Savings Cool as CU Lending Heats up in June
CUNA reports the fourth month in a row of stronger monthly loan gains.
A CUNA report released Wednesday showed savings cooled and loan growth was strengthening for credit unions in June.
Total loans were $1.22 trillion, up 4.8% from a year earlier. They were also up 1% from a month earlier — the fourth monthly gain in a row. Part of that was the seasonal increase in car and home buying. More notably, 1% matches the average pre-pandemic May to June increases from 2015 through 2019. Last June, when pandemic shutdowns were in full force, loans grew 0.7%.
But CUNA’s Monthly Credit Union Estimates showed the gain is the product of quirky movements.
After feverish car loan growth of 3.9% from April 30 to May 31, the balance was flat to June 30. Growth was 3.5% from a year earlier.
New car loans were $140.7 billion as of June 30, down 2% from a year earlier and down 1.6% from a month earlier.
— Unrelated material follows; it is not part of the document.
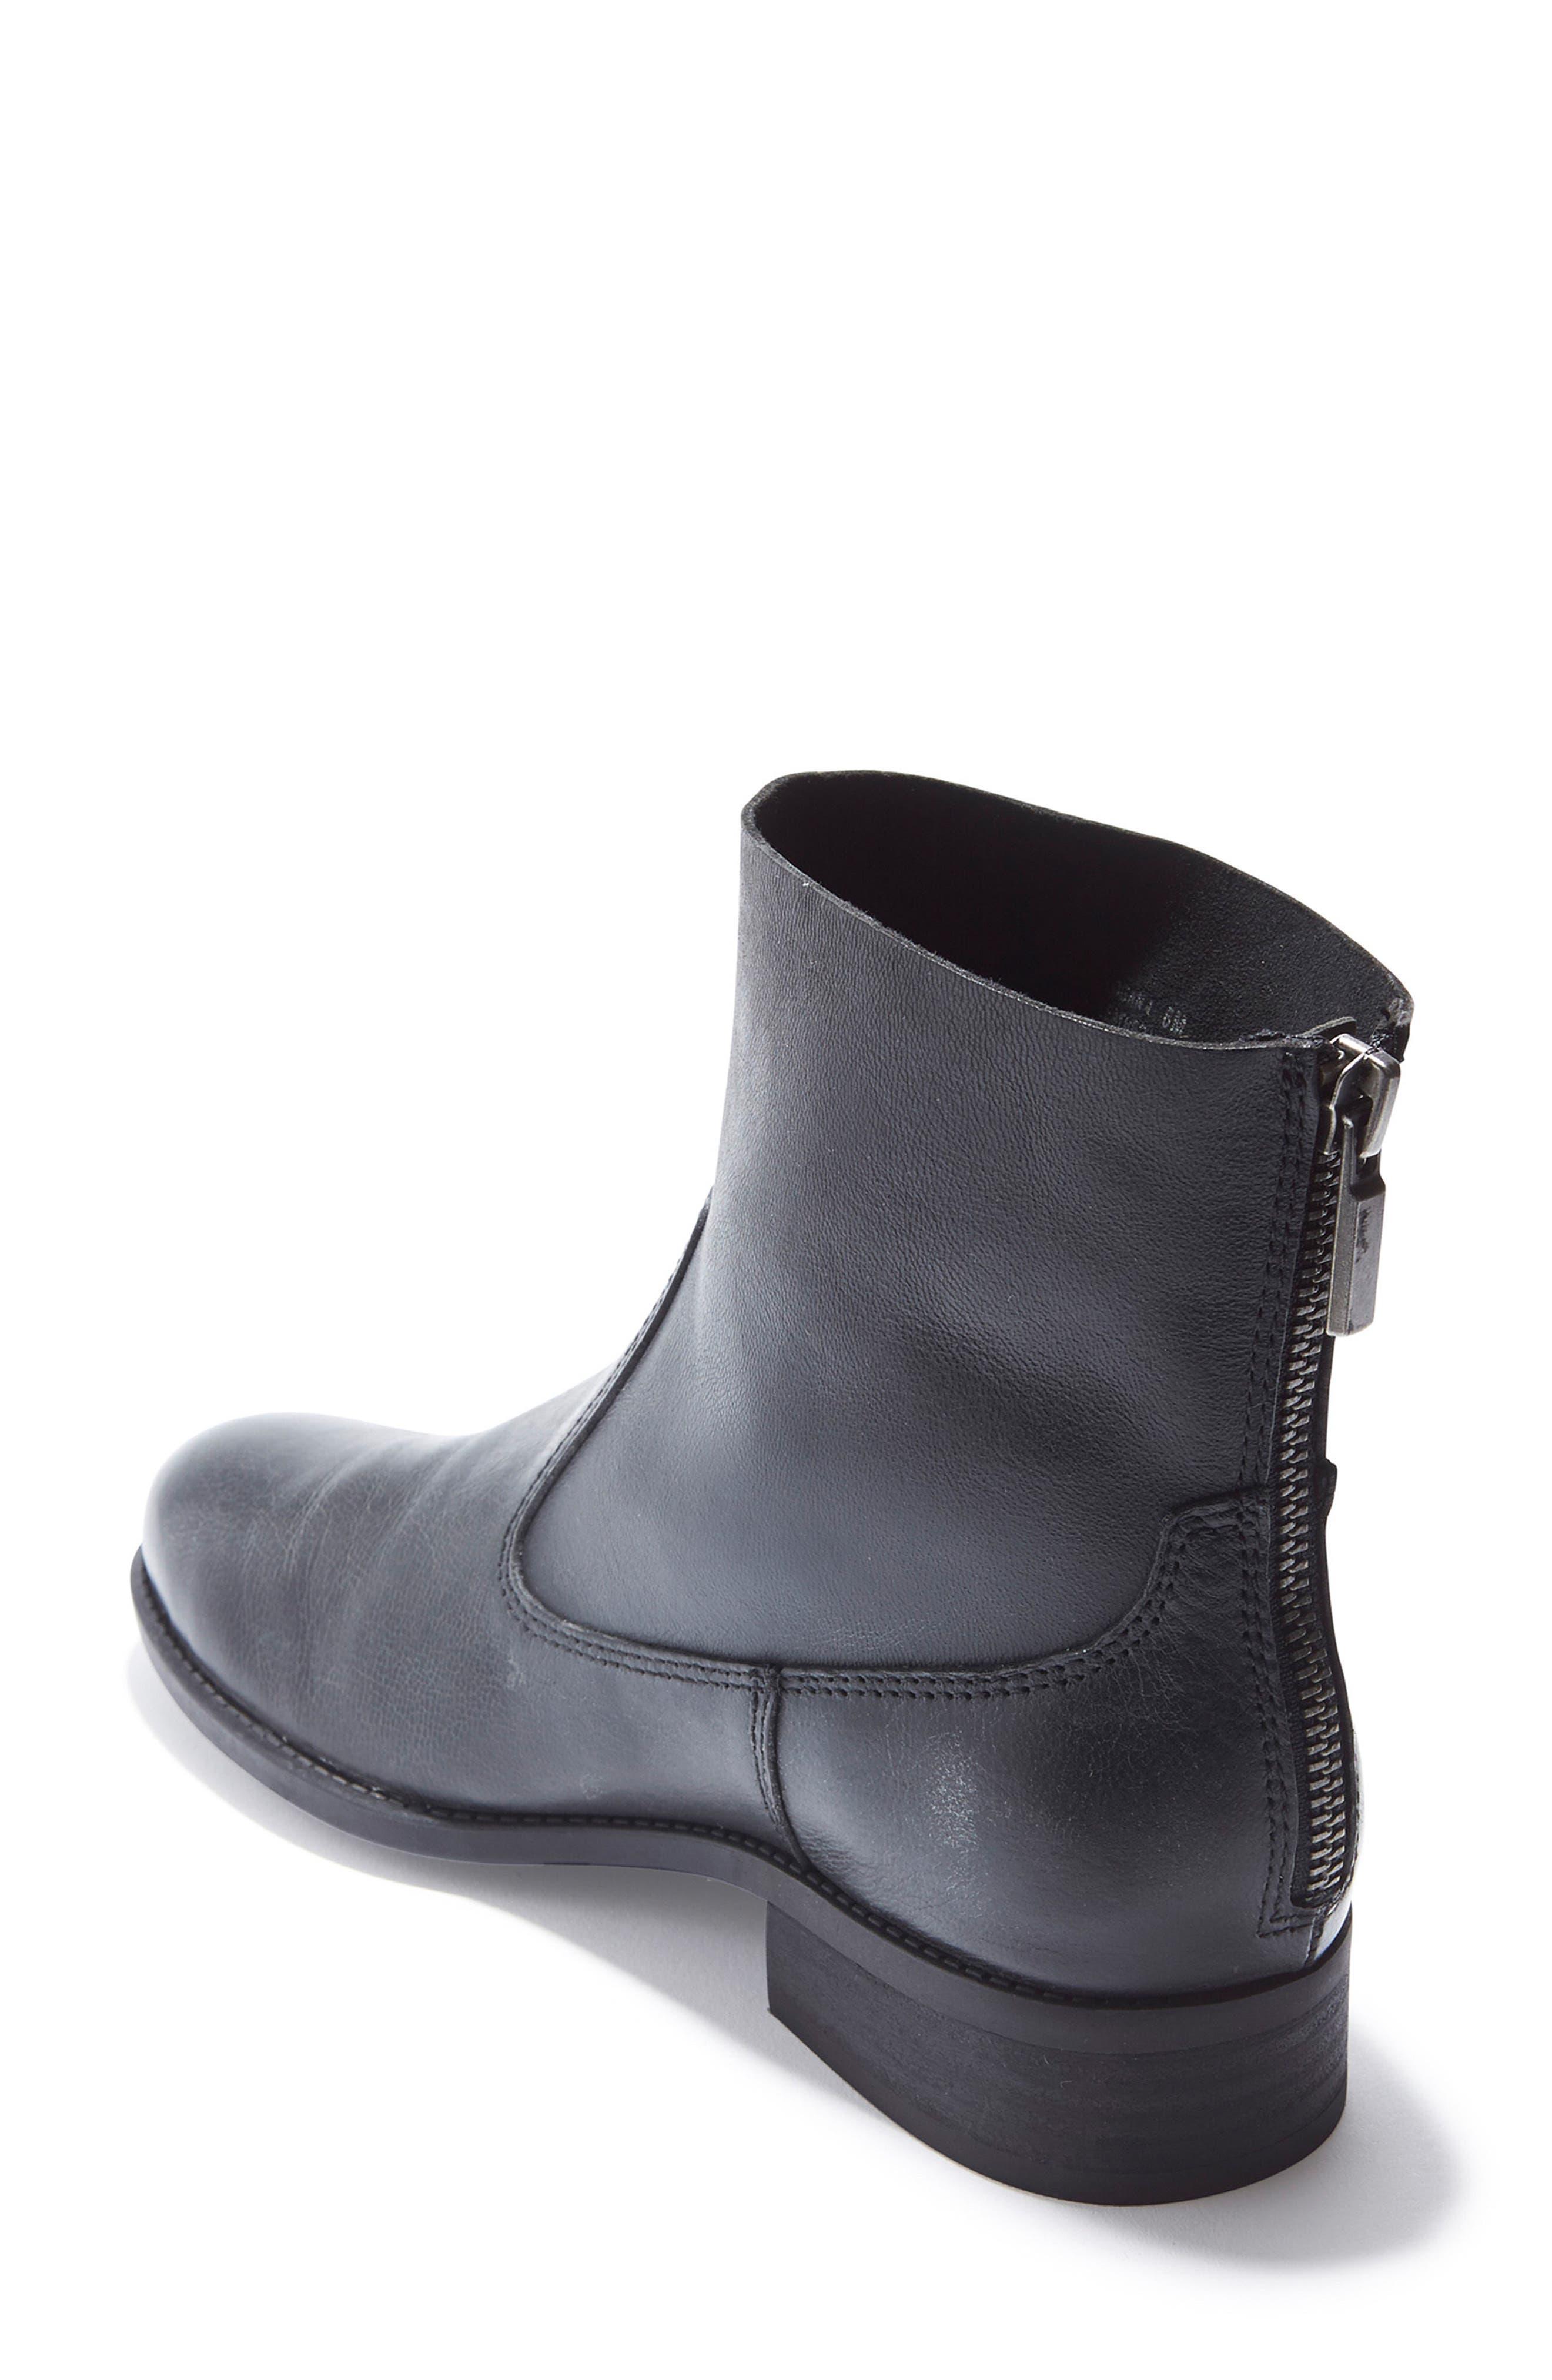 Logan Bootie,                             Alternate thumbnail 2, color,                             Black Leather

Used car loans were $252.1 billion, up 6.8% from a year earlier and up 3.6% from a month earlier.
And while mortgages continued to show the strongest gains in the portfolio, the rates of increase continued to subside from the peaks of mid-2020. Total real estate loans were $633.9 billion on June 30, up 6.8% from a year earlier. But from June 2019 to June 2020, they rose 10.3%.
However, mortgages soared when measured month to month. The May-to-June gain was 1.7%, compared with a 1.3% gain in June 2020 and a 0.6% gain in May 2021.
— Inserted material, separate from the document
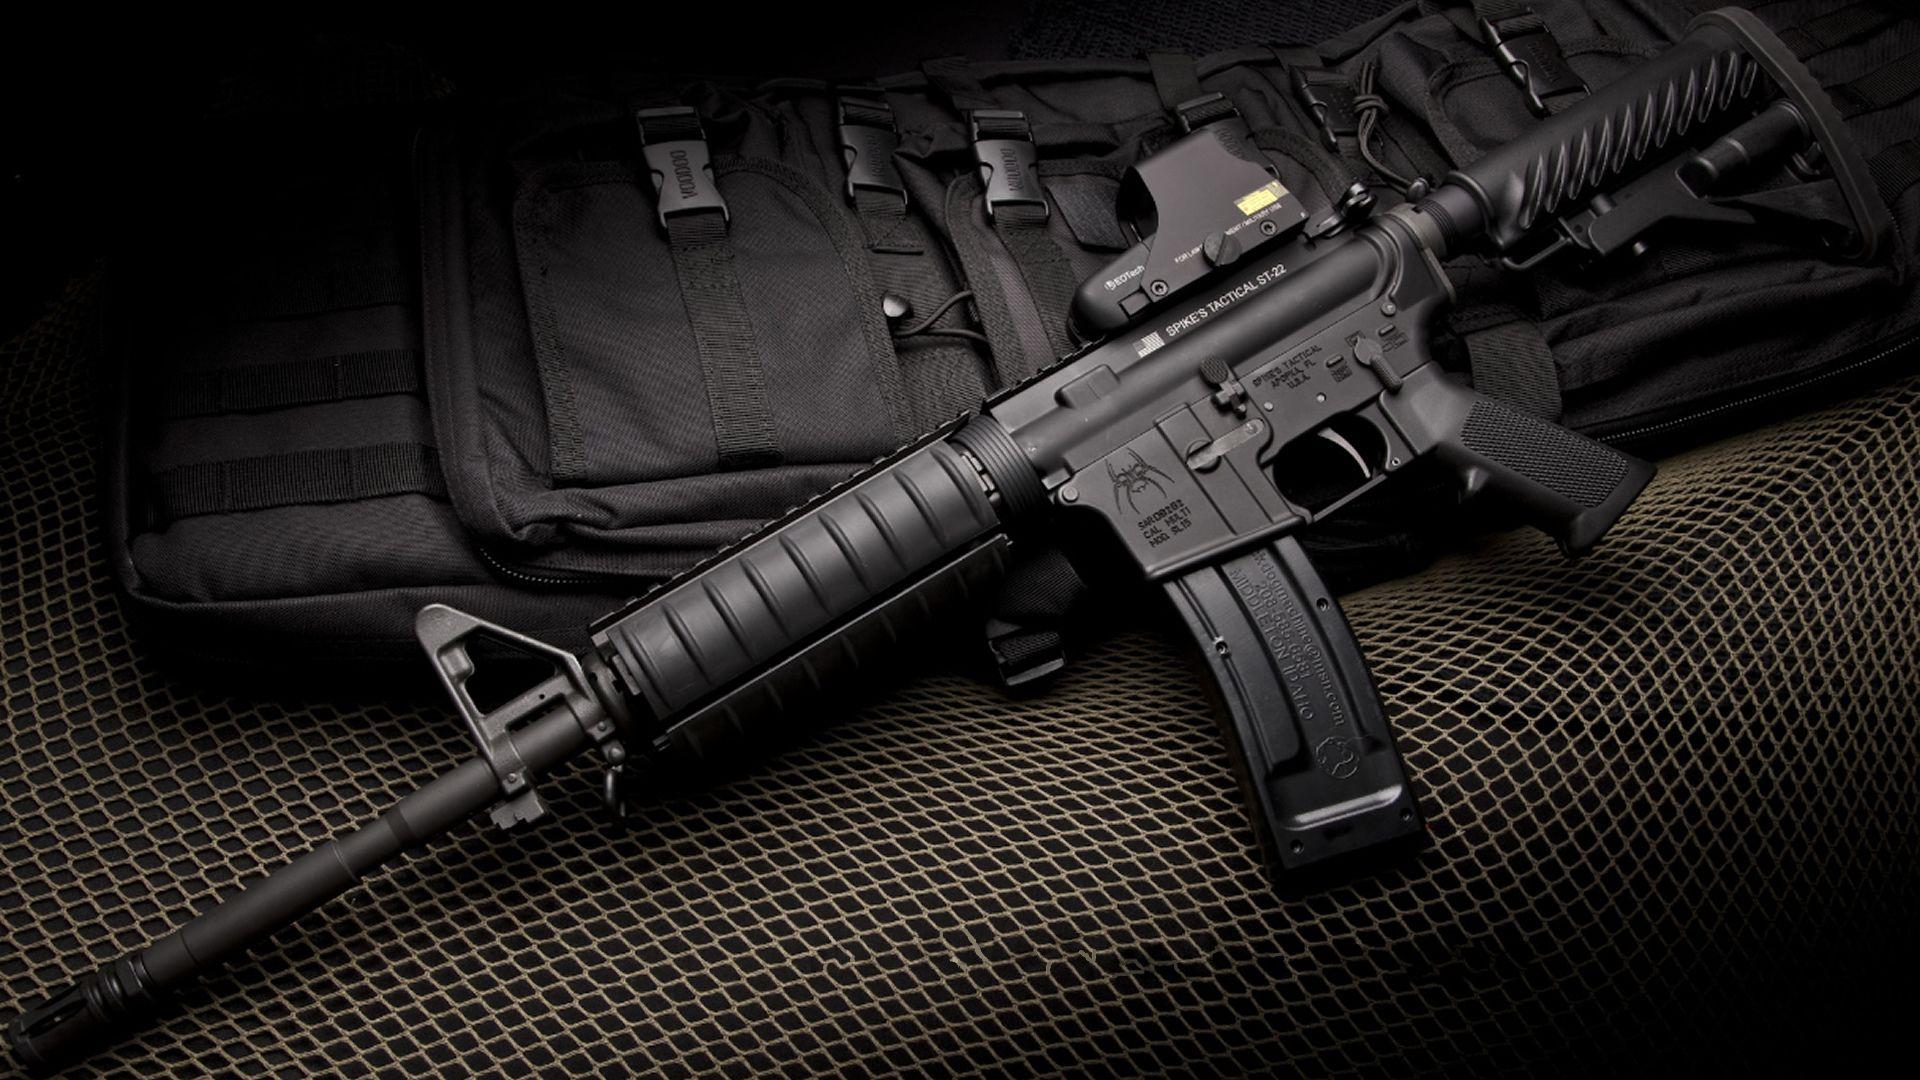 Armario Embutido Quarto Pequeno ~ Armas Fuzil De Assalto Papel de Parede Armas de Fogo Pinterest Armas, Papéis de parede e

First mortgages were $548.3 billion as of June 30, up 8.9% from a year earlier and up 1.9% from a month earlier. Second liens were $85.7 billion, down 4.8% from a year earlier and up 1% from a month earlier.
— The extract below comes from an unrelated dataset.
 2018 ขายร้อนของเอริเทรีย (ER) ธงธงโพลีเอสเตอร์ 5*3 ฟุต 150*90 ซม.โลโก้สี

Unsecured consumer loans — now a whacky mix of term loans, credit cards and Paycheck Protection Program (PPP) loans — was $116.3 billion, up just 1.6% from a year earlier, but up a hefty 3.1% from a month earlier.
The Fed’s release late Friday of its G-19 Consumer Credit Report should provide clarity at least for credit cards. Those balances took an unprecedented dive after COVID-19 was declared a pandemic in March 2020, but started to show growth in May.
Banks and credit unions have reported heavier spending volumes on cards, but consumers have continued to save and pay down consumer debt at higher-than-normal rates.
Savings were $1.74 trillion on June 30, up 15.1% from a year earlier and up a bare 3 basis points from a month earlier. Savings were typically rising at a monthly rate of 1.6% from April 2020 through April 2021, but fell 0.5% from April to May before flattening in June.
Personal loans from March 2020 through the first quarter were lower than year-ago levels after subtracting PPP loans, which the NCUA lists on a separate line in its quarterly Call Reports. The second-quarter reports will be out in about a month.
Friday’s G-19 will also include total motor vehicle balances for all lenders, allowing a measure to gauge movement in credit union market share.
Meanwhile, CUNA’s report also showed that the nation’s 5,230 credit unions had 129.2 million members as of May 31, 3.5% more than a year earlier and up from 128.7 million a month earlier. The report also showed:
- Fixed-rate first mortgages were $427.1 billion on June 30, up 12.5% from a year earlier.
- Adjustable-rate first mortgages fell 7.4% to $121.2 billion.
- Second mortgages fell 10.2% to $29.4 billion.
- Home equity lines of credit rose 0.4% to $56.3 billion.
- Assets grew 13% to $2.01 trillion.
- Loans per member grew 1.2% to $9,472.
- Savings per member grew 11.1% to $13,504.
- The 60-day-plus delinquency rate was 0.44% as of June 30, compared with 0.57% a year earlier and 0.46%, a month earlier.